For people with advanced lung cancers who meet certain criteria, targeted therapy drugs such as bevacizumab (Avastin®) or cetuximab (Erbitux®) may be added to initial treatment as well (see the "Targeted therapies for non-small cell lung cancer" section).
If the initial chemo treatment for advanced lung cancer is no longer working, the doctor may recommend second-line treatment with a single drug such as docetaxel or pemetrexed. Another option may be the targeted therapy erlotinib (Tarceva®) (see the "Targeted therapies for non-small cell lung cancer" section). Again, advanced age is no barrier to receiving these drugs as long as the person is in good general health.
Some doctors may recommend second-line treatment with a single chemo or targeted drug, even in people who have had a good response to their initial chemotherapy. The intent is to try to keep the lung cancer from growing or coming back for as long as possible and hopefully help patients live longer. This concept, known as maintenance therapy, is still being studied, as it's not yet clear if the possible benefits outweigh the risks and side effects. For more information, see "What's new in non-small cell lung cancer research and treatment?"
Possible side effects
Chemo drugs work by attacking cells that are dividing quickly, which is why they work against cancer cells. But other cells in the body, such as those in the bone marrow (where new blood cells are made), the lining of the mouth and intestines, and the hair follicles, also divide quickly. These cells are also likely to be affected by chemo, which can lead to certain side effects.
The side effects of chemo depend on the type and dose of drugs given and the length of time they are taken. Some common side effects include:
- Hair loss
- Mouth sores
- Loss of appetite
- Nausea and vomiting
- Diarrhea or constipation
- Low blood counts
Chemo can affect the blood-forming cells of the bone marrow, leading to low blood counts. This can cause:
- Increased chance of infections (from low white blood cell counts)

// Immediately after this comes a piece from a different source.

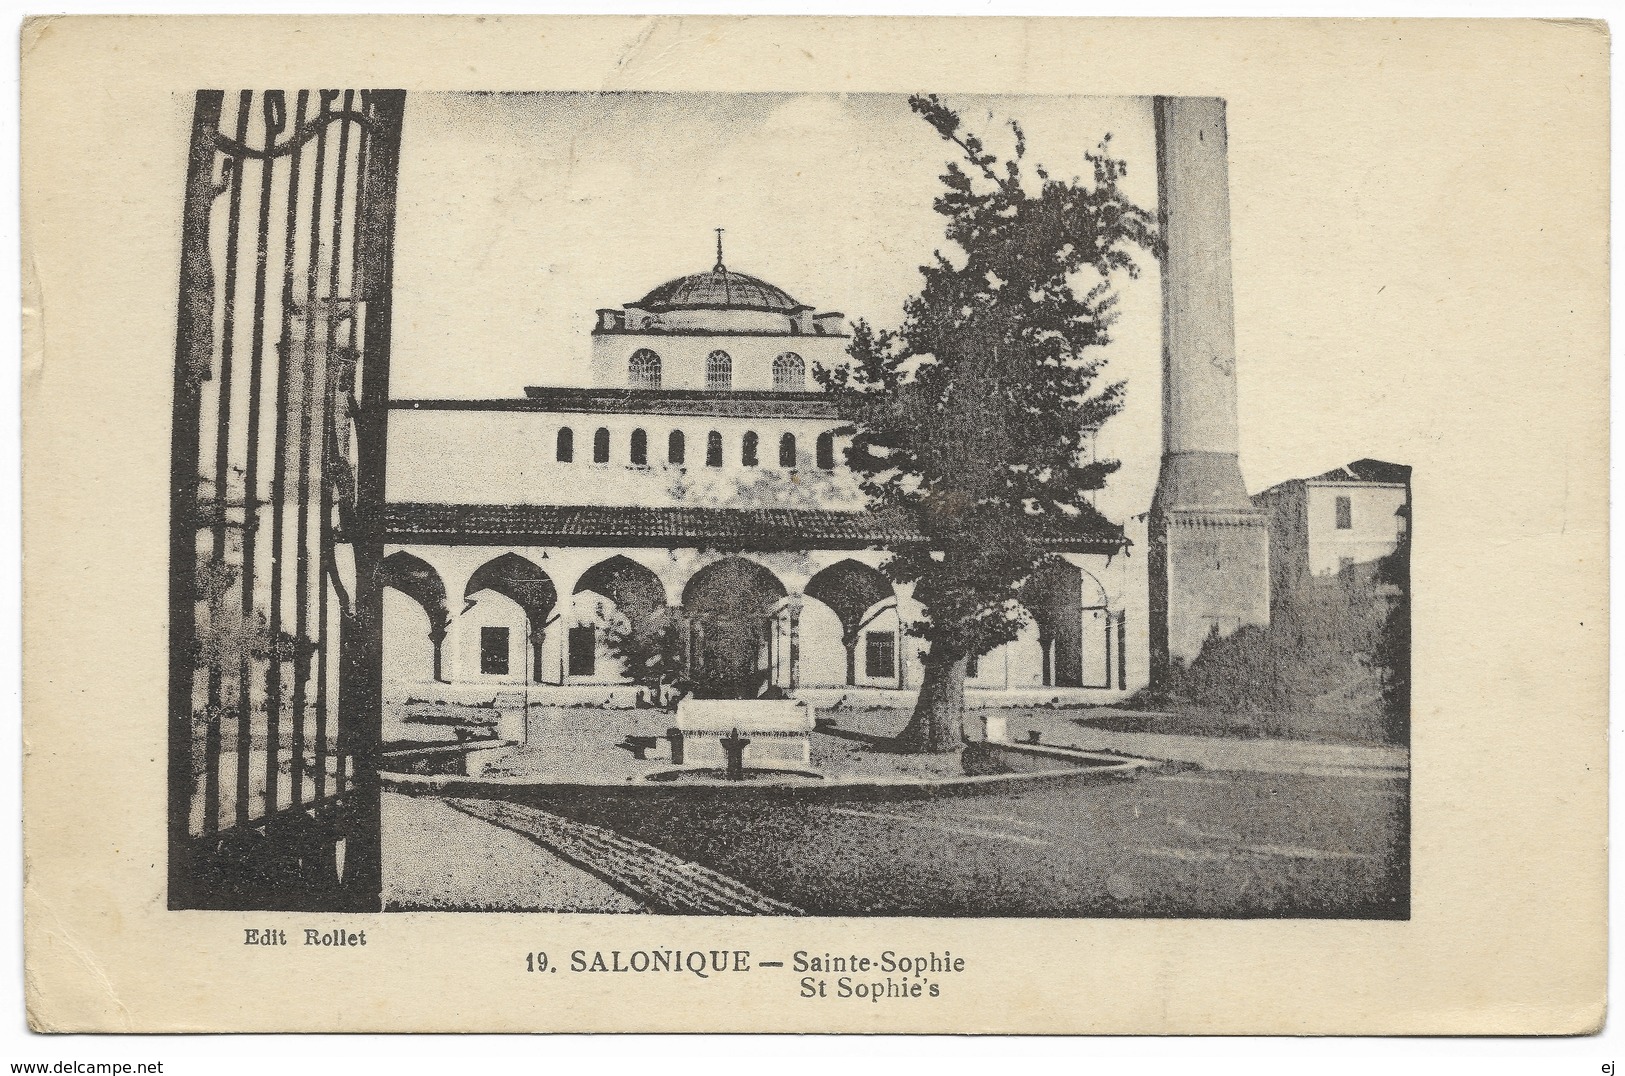 Salonique Sainte-Sophie - Salonica St Sophie's - Unused - Rollet B&G Lyon - Greece
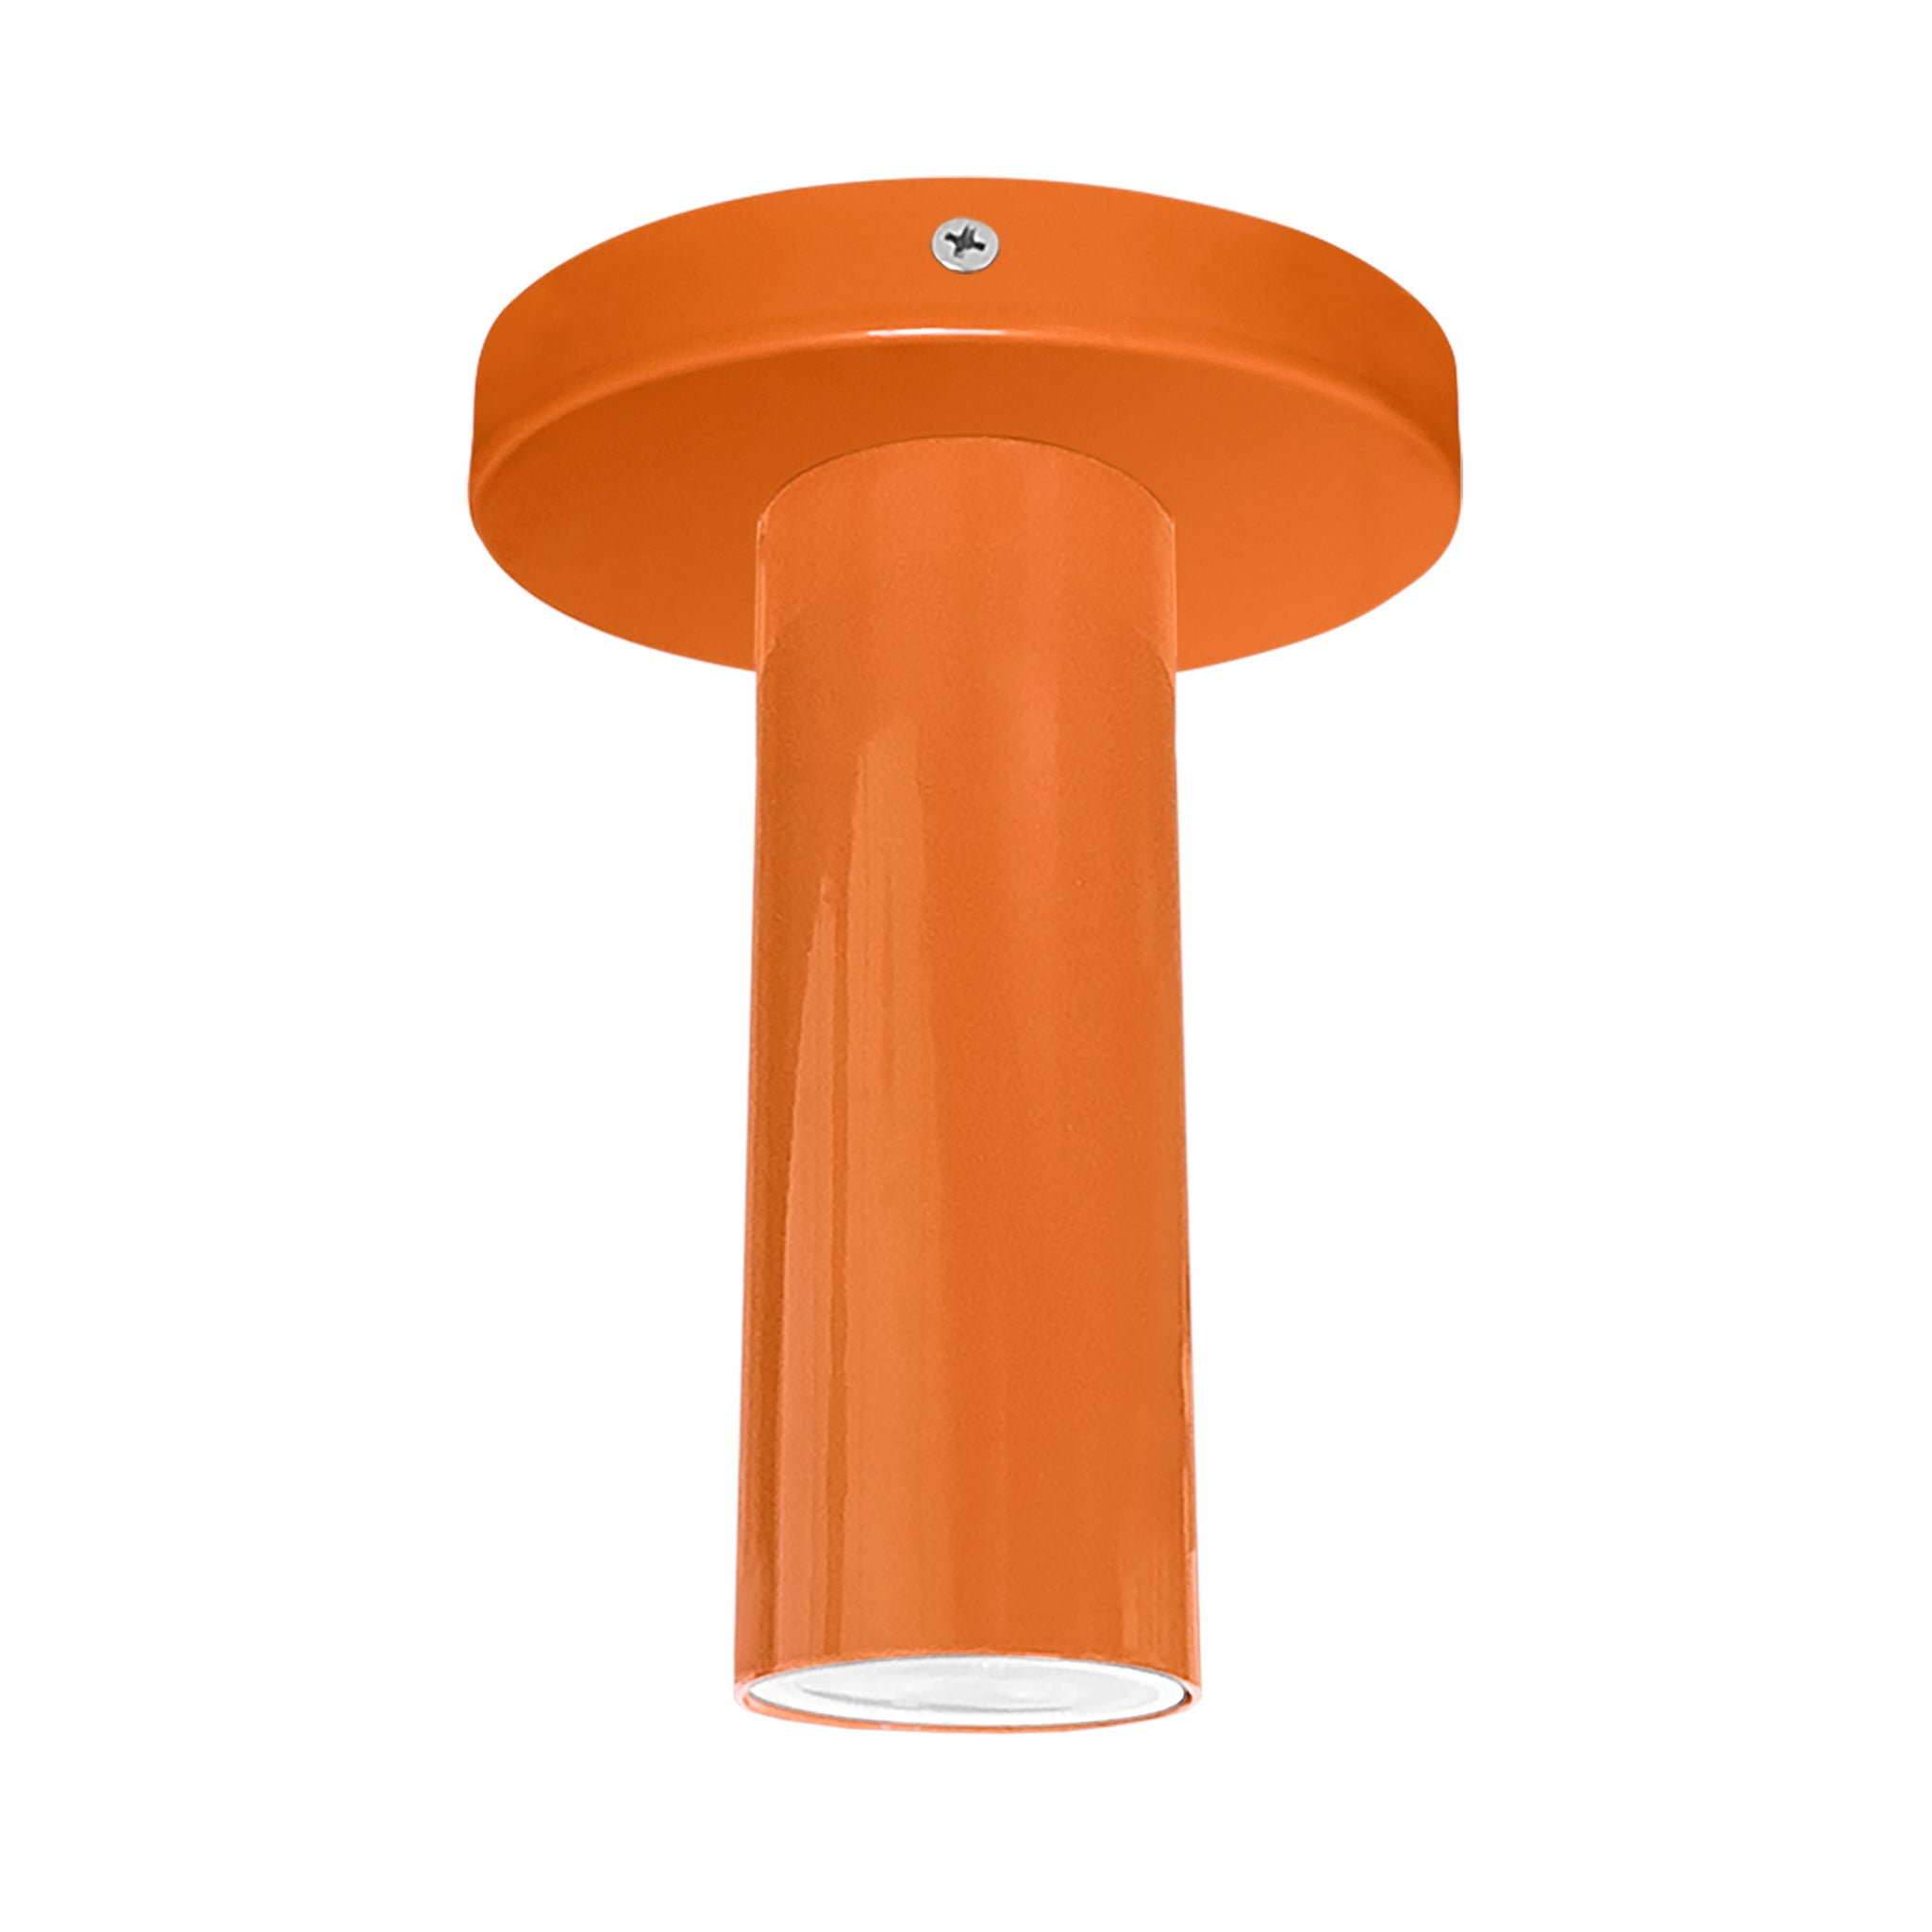 Nickel and orange color Reader flush mount Dutton Brown lighting

- Easy bruising or bleeding (from low blood platelet counts)
- Fatigue (from low red blood cell counts)
These side effects are usually short-term and go away after treatment is finished. There are often ways to lessen these side effects. For example, there are drugs that can be given to help prevent or reduce nausea and vomiting.
Some drugs such as cisplatin, vinorelbine, docetaxel, or paclitaxel can damage nerves. This can sometimes lead to symptoms (mainly in the hands and feet) such as pain, burning or tingling sensations, sensitivity to cold or heat, or weakness. This is called peripheral neuropathy. In most cases this goes away once treatment is stopped, but it may be long lasting in some people. For more information, see our document, Peripheral Neuropathy Caused by Chemotherapy.
You should report this or any other side effects you notice while getting chemotherapy to your medical team so that they can be treated promptly. In some cases, the doses of the chemotherapy drugs may need to be reduced or treatment may need to be delayed or stopped to prevent the effects from getting worse.